> **WHAT YOU NEED TO DO**
Give the data back exactly. Leave out any images.

____ DATASET EXCERPTS

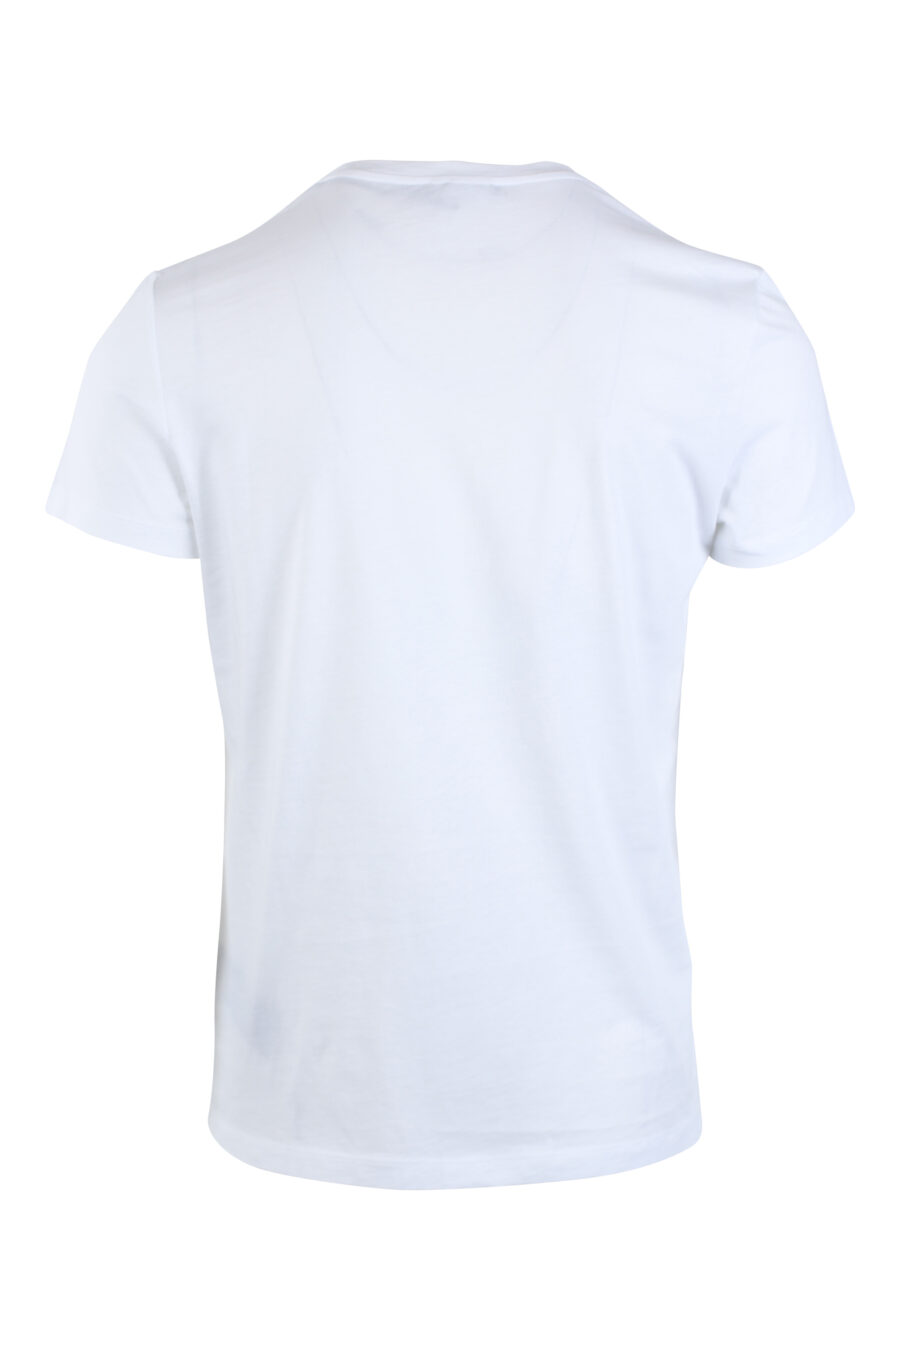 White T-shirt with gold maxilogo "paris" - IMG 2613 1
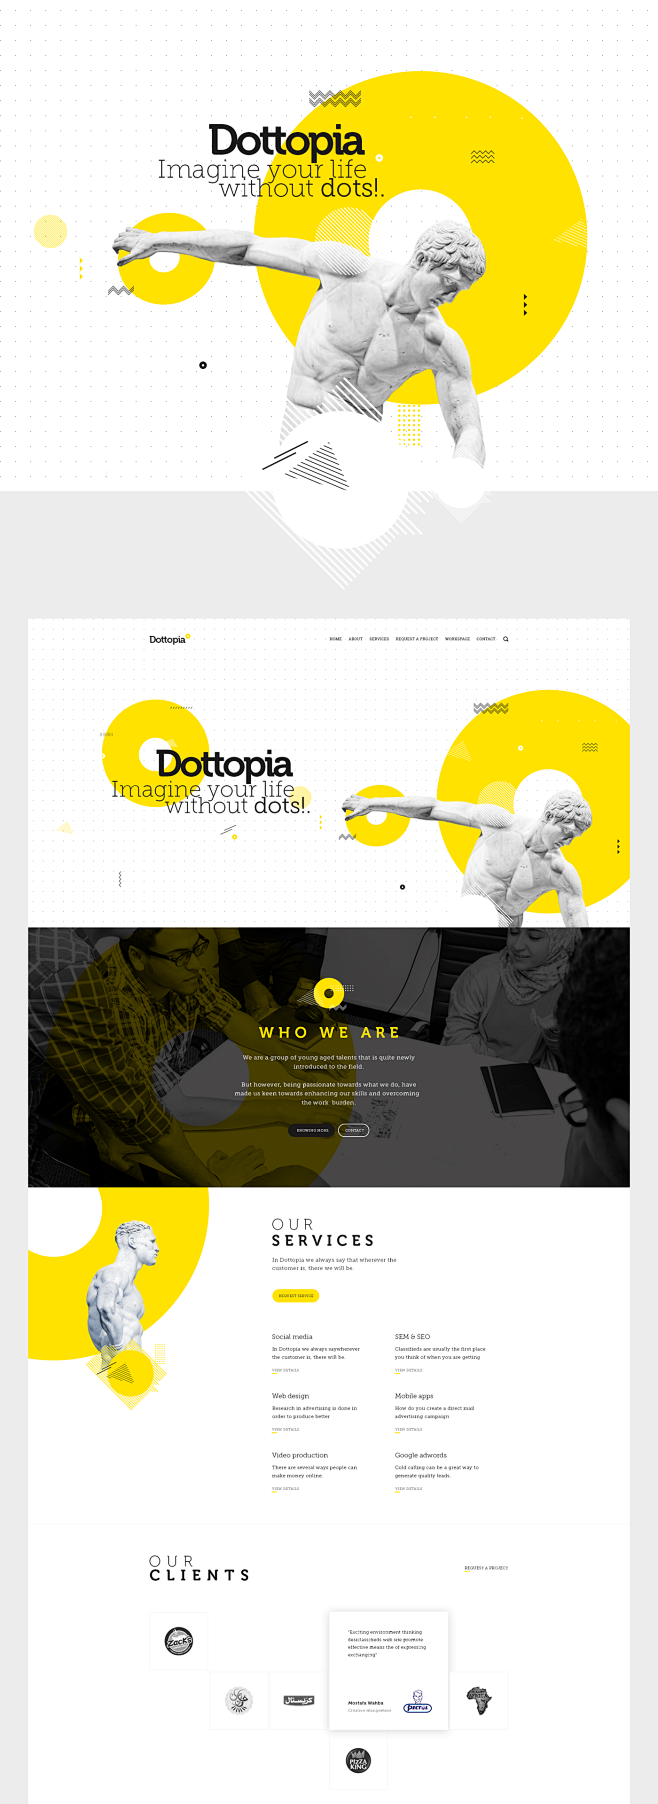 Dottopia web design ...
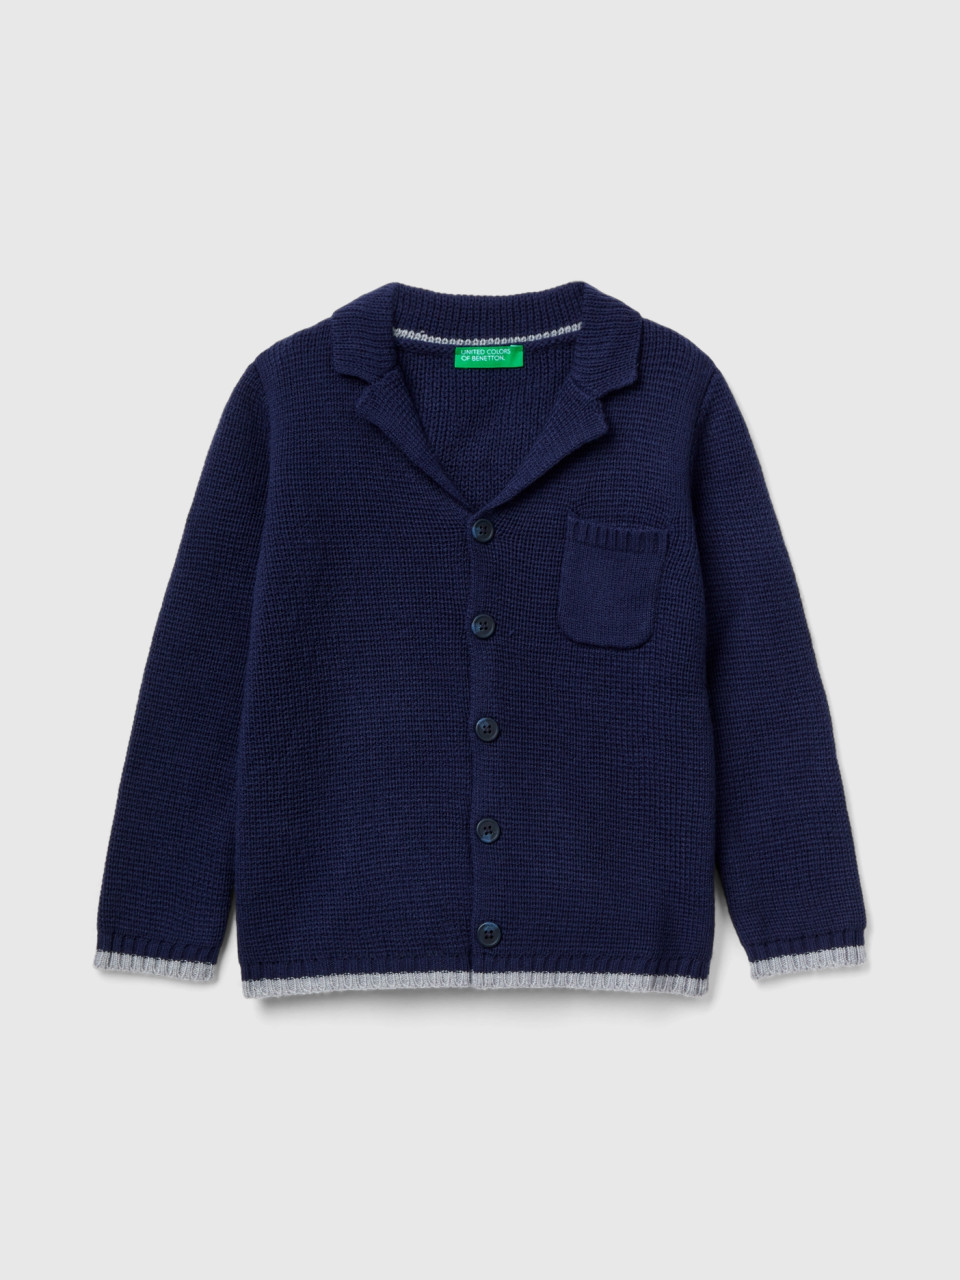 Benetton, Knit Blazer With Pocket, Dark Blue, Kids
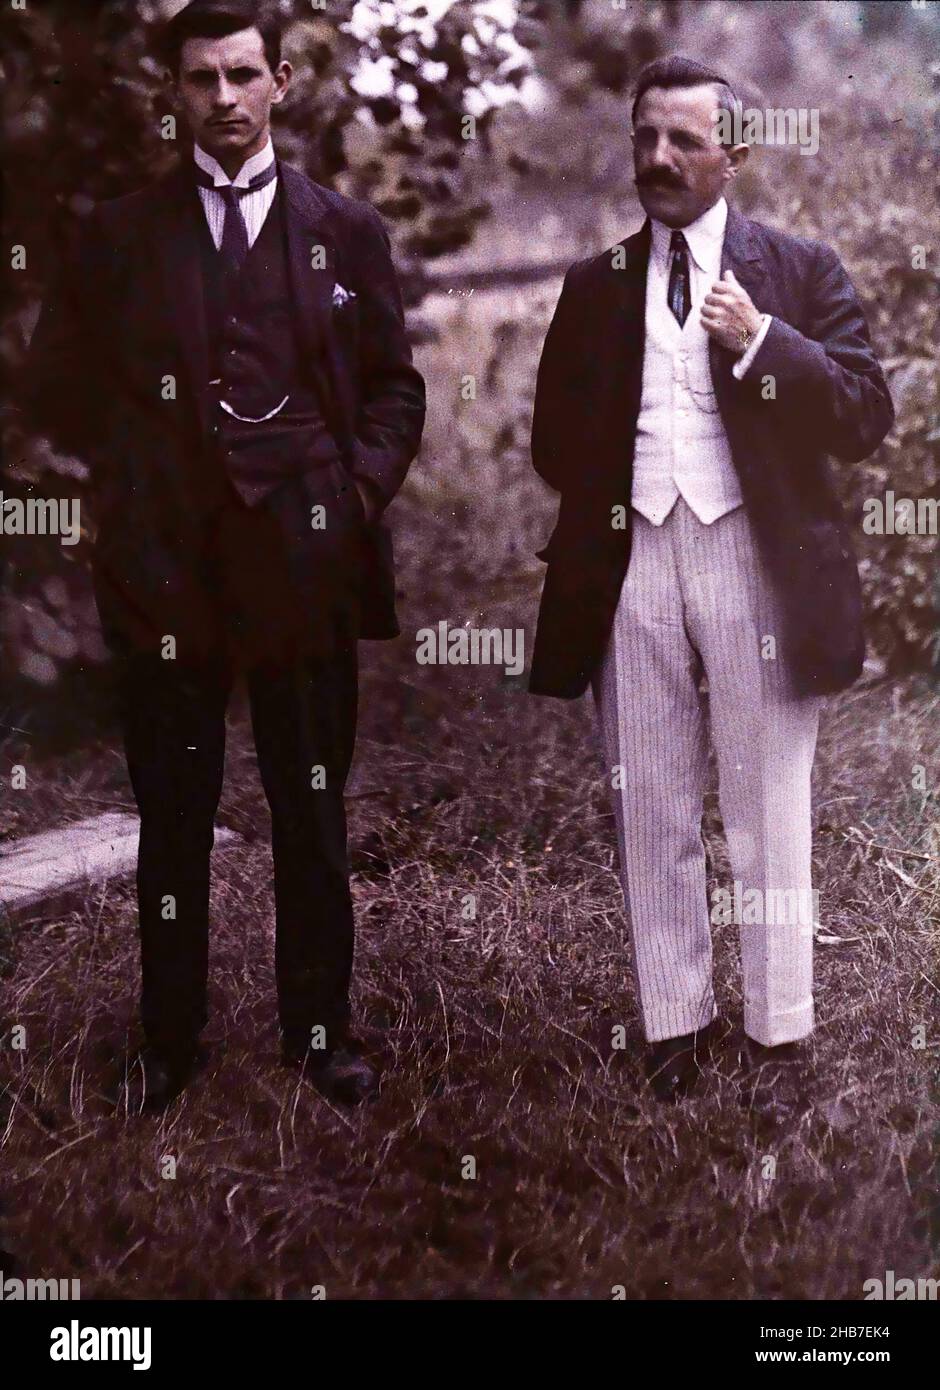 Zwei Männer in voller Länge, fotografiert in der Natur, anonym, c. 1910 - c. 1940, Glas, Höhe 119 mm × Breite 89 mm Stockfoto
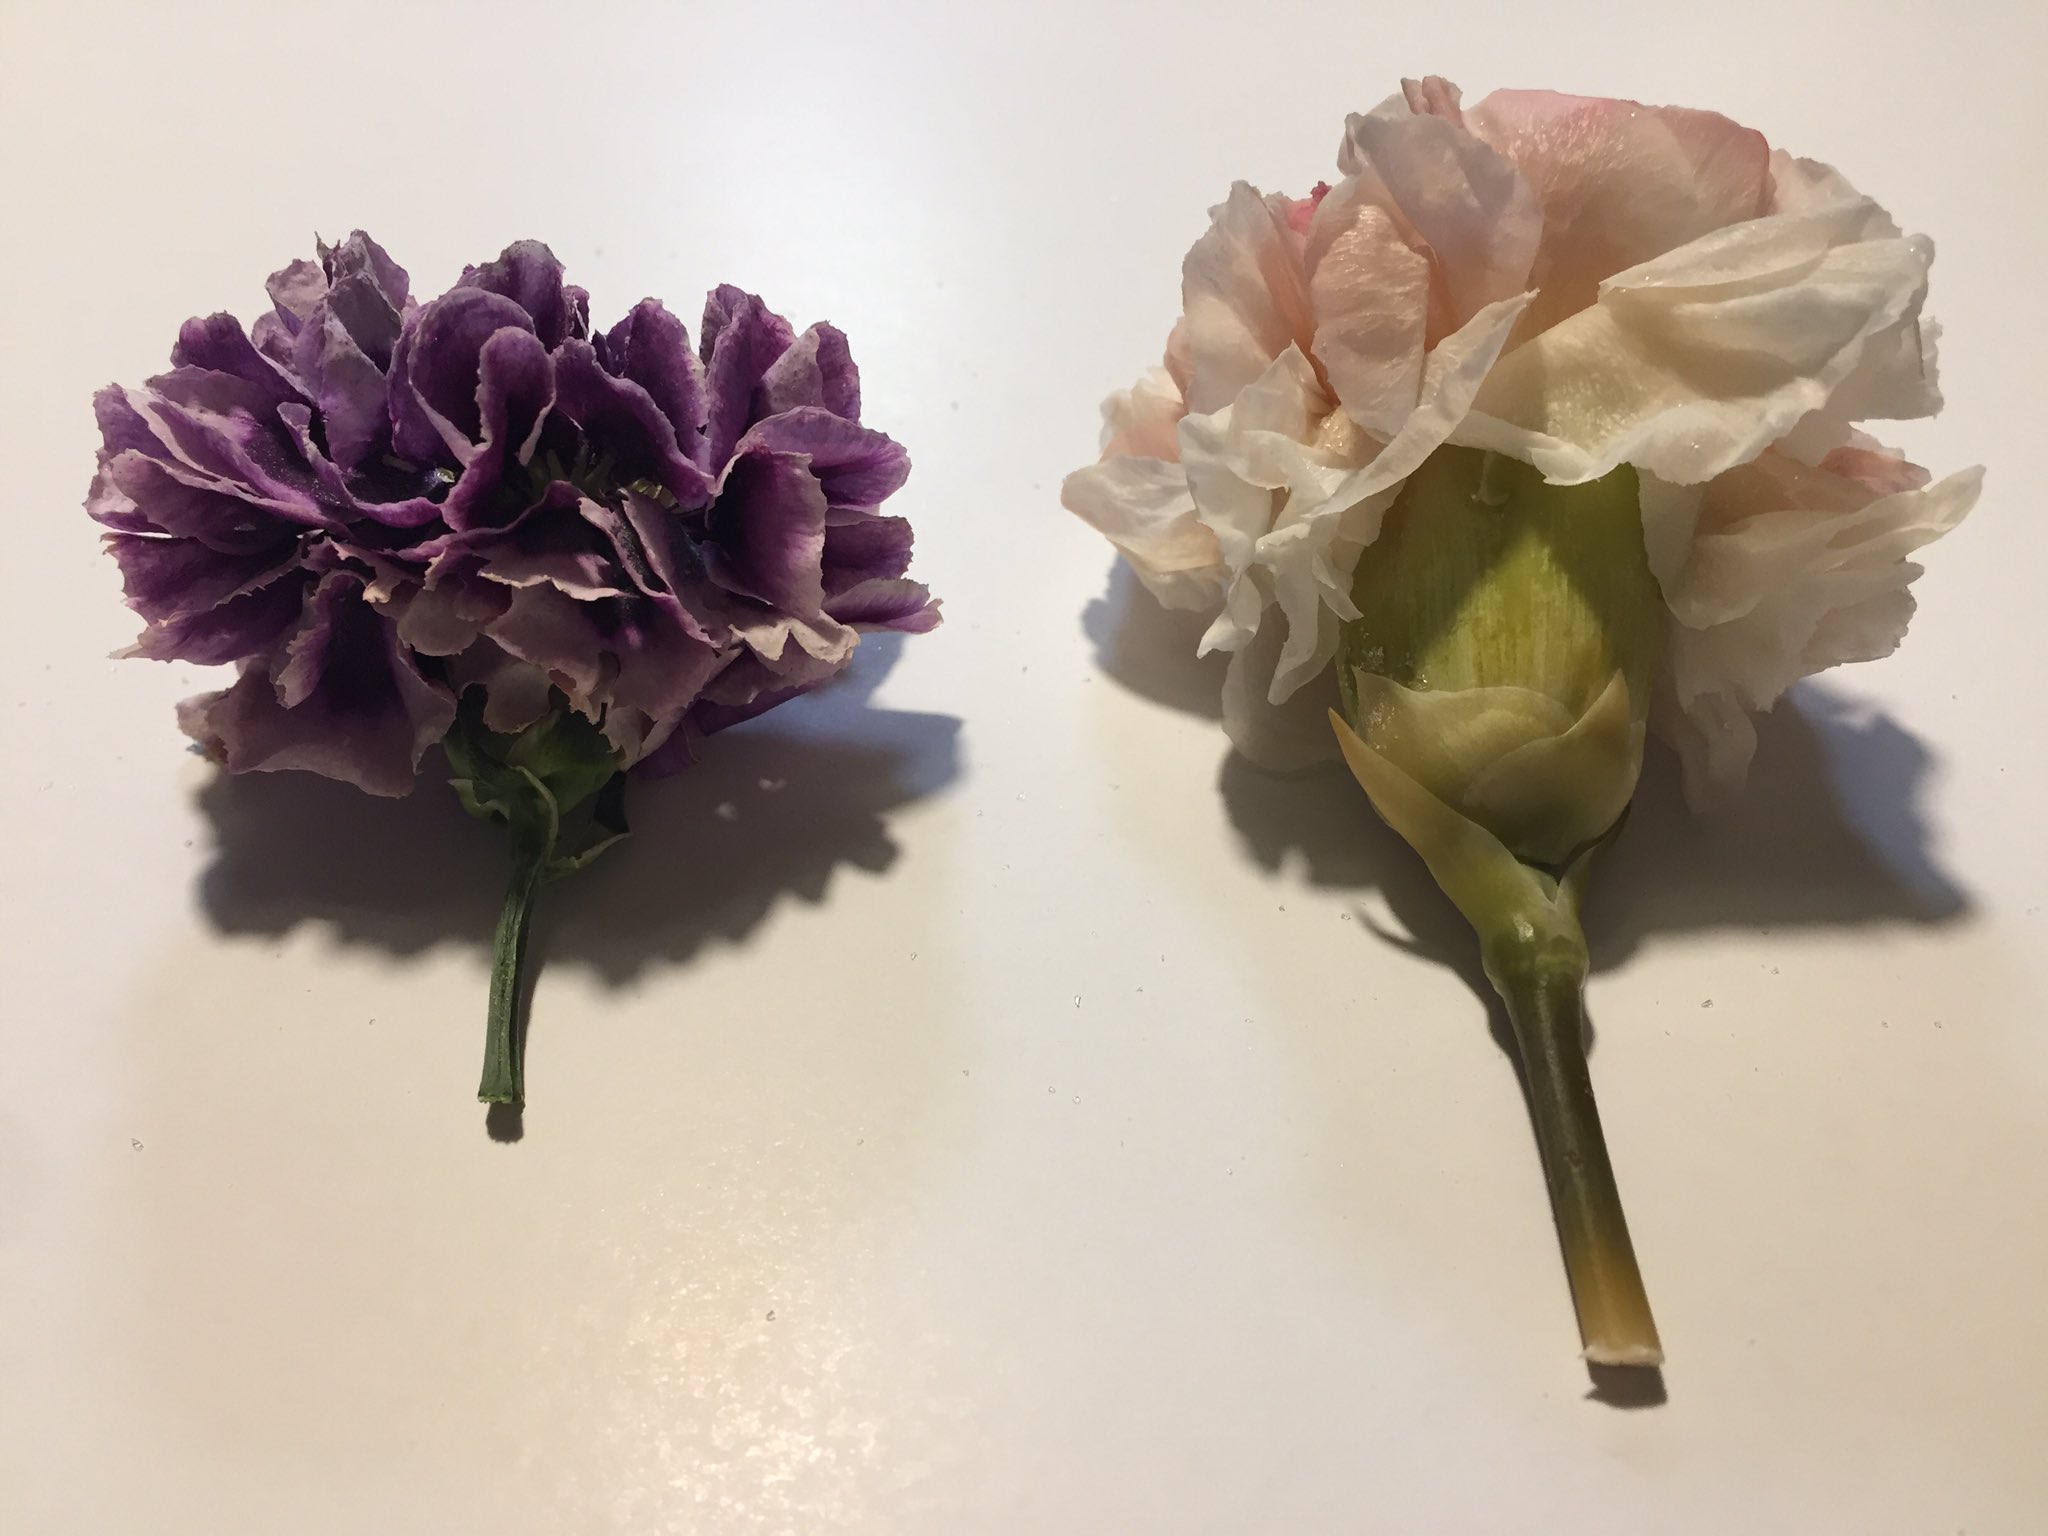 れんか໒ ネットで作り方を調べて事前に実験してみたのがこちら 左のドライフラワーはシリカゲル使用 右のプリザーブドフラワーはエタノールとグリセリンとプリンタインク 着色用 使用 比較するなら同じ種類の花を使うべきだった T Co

________

> **ANSWER FOR THIS EXERCISE**
 White T-shirt with gold maxilogo "paris" - IMG 2613 1
 Dottopia web design ...
 Benetton, Knit Blazer With Pocket, Dark Blue, Kids
 Zwei Männer in voller Länge, fotografiert in der Natur, anonym, c. 1910 - c. 1940, Glas, Höhe 119 mm × Breite 89 mm Stockfoto
 れんか໒ ネットで作り方を調べて事前に実験してみたのがこちら 左のドライフラワーはシリカゲル使用 右のプリザーブドフラワーはエタノールとグリセリンとプリンタインク 着色用 使用 比較するなら同じ種類の花を使うべきだった T Co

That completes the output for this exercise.